The banking crisis earlier this year created a lot of turmoil with some banks failing and others experiencing significant downward pressure, suggests Kelley Wright, editor of Investment Quality Trends — a service focused on blue chip dividend-paying stocks.
The market has yet to fully stabilize in this space as evidenced by many regional banks not yet having recovered on a per share price basis. Old National Bancorp (ONB) is one that was a victim of the "throw the baby out with the bath water" mentality that gripped Wall Street after the Silicon Bank debacle, among others. ONB is not a large bank, but it is growing, and growth has always been part of its history, engaging in purchases and mergers in order to expand.
By example, in February of 2022 the bank merged with First Midwest. This resulted in the bank becoming the 6th largest commercial bank headquartered in the Midwest and, with $48.5 billion in assets, one of the 30 largest in the country.
ONB has about 256 branches, from which it offers all of the traditional bank services and products along with wealth management, investment, and foreign currency services. The company will sell assets when they no longer fit their long-term vision. By example, the bank sold its operations as a qualified custodian for health savings accounts in November of 2022.
Over the last 3 years ONB has had substantial growth in loans, securities, and cash, which has been made possible by a significant increase in deposits, which have remained stable where others haven’t.
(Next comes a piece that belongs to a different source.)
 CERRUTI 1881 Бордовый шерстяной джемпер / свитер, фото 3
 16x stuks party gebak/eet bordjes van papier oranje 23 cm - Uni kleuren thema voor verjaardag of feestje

On a dividend yield basis ONB is not a barn burner, but its internal cash flow metrics are strong with an ROIC, FCFY, and PVR of 13%, 10%, and 0.4 respectively. This is to say when this sector fully stabilizes there is ample growth prospects for this company.
I also note that Old National is a member of our Timely Ten list of blue chip stocks. These stocks represent our current top recommendations among all stocks chosen from among those that we rank in the the "Undervalued" category.